Posts Tagged ‘gender’

By now, you’ve probably read about Storm, the baby who’s parents have caused quite the controversy by not sharing the baby’s sex with the world, for now. For me, this is a non-story. It’s a peculiarity, and something a bit strange, but the media shitstorm that has been stirred up is, sadly, not surprising.

 

Kathy Witterick and David Stocker, the parents, sent an email to friends saying “we’ve decided not to share Storm’s sex for now – a tribute to freedom and choice in place of limitation”. Considering the baby is far too young to know what sex or gender even is, there’s nothing here really. While I agree with many of the comments made that raising a baby ‘genderless’ is a dangerous experiment, I’ve read nothing from the family that suggests that this is their attention.

 

Patricia J. Williams, regular contributor to The Nation Magazine, makes some interesting observations at are worth reposting:

While it seems to me that “not sharing Storm’s sex for now” is hardly a full-fledged commitment to lifelong gender suppression or neutered identity, I will leave to mental health experts the propriety of Storm’s parents’ stance. As a purely philosophical matter, however, the situation is intriguing. After all, it is a much under-interrogated political truism that “we’re all just people,” or “we’re all equal” or “it doesn’t matter what your religion is” or “I don’t see race.” Who cares about anything else if “we’re all American citizens”?

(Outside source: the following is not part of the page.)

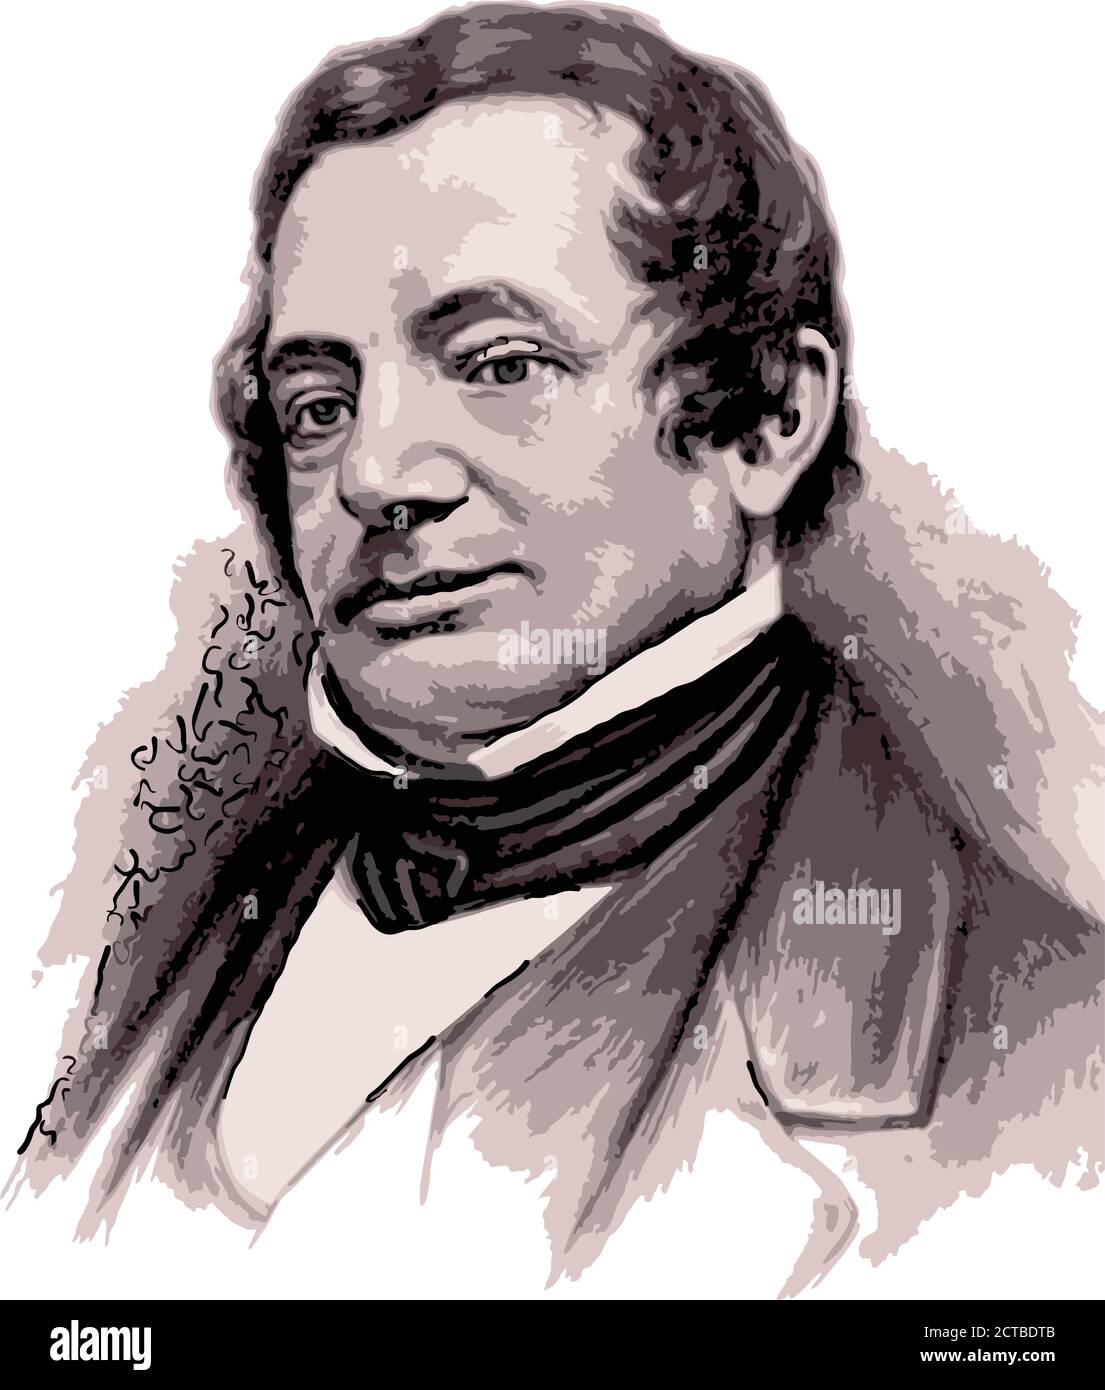 Vektor-Porträt von Washington Irving. Washington Irving (1783 – 1859) war ein amerikanischer Kurzgeschichtenautor, Essayist, Biograph, Historiker und Diplom Stock Vektor

Yet when some intrepid souls actually follow such identity-erasing truisms to their logical, uncomfortable ends—refusing altogether to engage in the conventions of gendered identity, as with baby Storm—it is profoundly unsettling.

 

And this:

 

 In English, there is no adequately humanizing yet universal pronoun, no general reference to common humanity; in order to speak comfortably, we automatically must yield to the partitions of him, of her, of gender. In the absence of pronouns, address necessarily becomes specific, individual, even intimate.

 

The idea of raising a child genderless (which, again should be stressed, is not what the parents said in their email) is something that goes against all our common perceptions of raising children. Could there ever be a world where that is possible? Probably not.